Directions: In the entries below, find the line with "Lgbtq elopement in" and print exactly every line from there up to and including the line with "Galop Damen Schuhe", with no other lines.

Records for this exercise section start

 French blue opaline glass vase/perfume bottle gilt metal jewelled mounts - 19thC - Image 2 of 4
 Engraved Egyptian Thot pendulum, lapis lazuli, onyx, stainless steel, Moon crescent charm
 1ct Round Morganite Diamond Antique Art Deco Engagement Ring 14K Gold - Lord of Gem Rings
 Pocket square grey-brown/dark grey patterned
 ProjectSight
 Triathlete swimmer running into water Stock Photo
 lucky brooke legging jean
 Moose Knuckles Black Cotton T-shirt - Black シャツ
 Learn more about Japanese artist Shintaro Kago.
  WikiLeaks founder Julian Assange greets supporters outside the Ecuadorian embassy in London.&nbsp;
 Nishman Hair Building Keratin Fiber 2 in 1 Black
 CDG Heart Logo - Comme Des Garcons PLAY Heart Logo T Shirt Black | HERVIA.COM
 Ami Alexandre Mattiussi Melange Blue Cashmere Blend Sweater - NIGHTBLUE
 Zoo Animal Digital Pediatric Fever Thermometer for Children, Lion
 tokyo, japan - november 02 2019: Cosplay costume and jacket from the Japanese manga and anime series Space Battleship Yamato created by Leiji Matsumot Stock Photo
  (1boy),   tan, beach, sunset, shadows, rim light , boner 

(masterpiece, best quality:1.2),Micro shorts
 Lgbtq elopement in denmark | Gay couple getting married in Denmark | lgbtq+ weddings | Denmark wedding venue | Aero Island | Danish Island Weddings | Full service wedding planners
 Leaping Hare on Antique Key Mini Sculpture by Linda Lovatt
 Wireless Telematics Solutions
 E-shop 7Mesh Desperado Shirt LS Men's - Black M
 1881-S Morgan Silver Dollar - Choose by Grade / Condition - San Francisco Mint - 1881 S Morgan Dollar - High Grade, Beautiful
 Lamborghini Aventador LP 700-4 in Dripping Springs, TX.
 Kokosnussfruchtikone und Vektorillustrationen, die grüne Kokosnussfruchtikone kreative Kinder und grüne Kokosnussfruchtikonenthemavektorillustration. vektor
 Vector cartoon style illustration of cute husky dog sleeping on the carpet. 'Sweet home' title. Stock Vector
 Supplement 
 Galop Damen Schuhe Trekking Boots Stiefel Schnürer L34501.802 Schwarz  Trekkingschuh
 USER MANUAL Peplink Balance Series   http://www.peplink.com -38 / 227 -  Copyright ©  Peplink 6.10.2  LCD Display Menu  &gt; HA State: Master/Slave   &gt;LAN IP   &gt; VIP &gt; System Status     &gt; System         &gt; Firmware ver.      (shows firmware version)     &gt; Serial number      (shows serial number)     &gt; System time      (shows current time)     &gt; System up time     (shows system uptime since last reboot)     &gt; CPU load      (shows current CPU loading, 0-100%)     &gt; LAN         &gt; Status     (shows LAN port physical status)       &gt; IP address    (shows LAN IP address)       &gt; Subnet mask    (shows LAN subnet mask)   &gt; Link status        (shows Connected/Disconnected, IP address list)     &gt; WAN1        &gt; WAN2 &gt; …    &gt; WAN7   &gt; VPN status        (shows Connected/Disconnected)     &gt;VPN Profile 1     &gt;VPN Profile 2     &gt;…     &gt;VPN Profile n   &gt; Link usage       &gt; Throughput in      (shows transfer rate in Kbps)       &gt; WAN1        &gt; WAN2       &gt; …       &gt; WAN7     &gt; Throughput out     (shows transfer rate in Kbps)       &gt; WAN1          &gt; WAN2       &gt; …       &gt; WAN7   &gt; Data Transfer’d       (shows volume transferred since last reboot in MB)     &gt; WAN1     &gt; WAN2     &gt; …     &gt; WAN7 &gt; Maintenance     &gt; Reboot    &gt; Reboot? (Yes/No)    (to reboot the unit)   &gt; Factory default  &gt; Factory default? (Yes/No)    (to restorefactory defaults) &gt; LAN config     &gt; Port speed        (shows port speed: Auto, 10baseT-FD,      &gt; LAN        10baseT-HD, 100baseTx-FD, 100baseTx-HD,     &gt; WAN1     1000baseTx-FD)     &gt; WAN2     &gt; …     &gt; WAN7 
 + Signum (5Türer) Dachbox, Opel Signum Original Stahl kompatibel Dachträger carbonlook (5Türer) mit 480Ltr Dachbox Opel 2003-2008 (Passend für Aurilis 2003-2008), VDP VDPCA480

Records for this exercise section end

Your solution:
 Lgbtq elopement in denmark | Gay couple getting married in Denmark | lgbtq+ weddings | Denmark wedding venue | Aero Island | Danish Island Weddings | Full service wedding planners
 Leaping Hare on Antique Key Mini Sculpture by Linda Lovatt
 Wireless Telematics Solutions
 E-shop 7Mesh Desperado Shirt LS Men's - Black M
 1881-S Morgan Silver Dollar - Choose by Grade / Condition - San Francisco Mint - 1881 S Morgan Dollar - High Grade, Beautiful
 Lamborghini Aventador LP 700-4 in Dripping Springs, TX.
 Kokosnussfruchtikone und Vektorillustrationen, die grüne Kokosnussfruchtikone kreative Kinder und grüne Kokosnussfruchtikonenthemavektorillustration. vektor
 Vector cartoon style illustration of cute husky dog sleeping on the carpet. 'Sweet home' title. Stock Vector
 Supplement 
 Galop Damen Schuhe Trekking Boots Stiefel Schnürer L34501.802 Schwarz  Trekkingschuh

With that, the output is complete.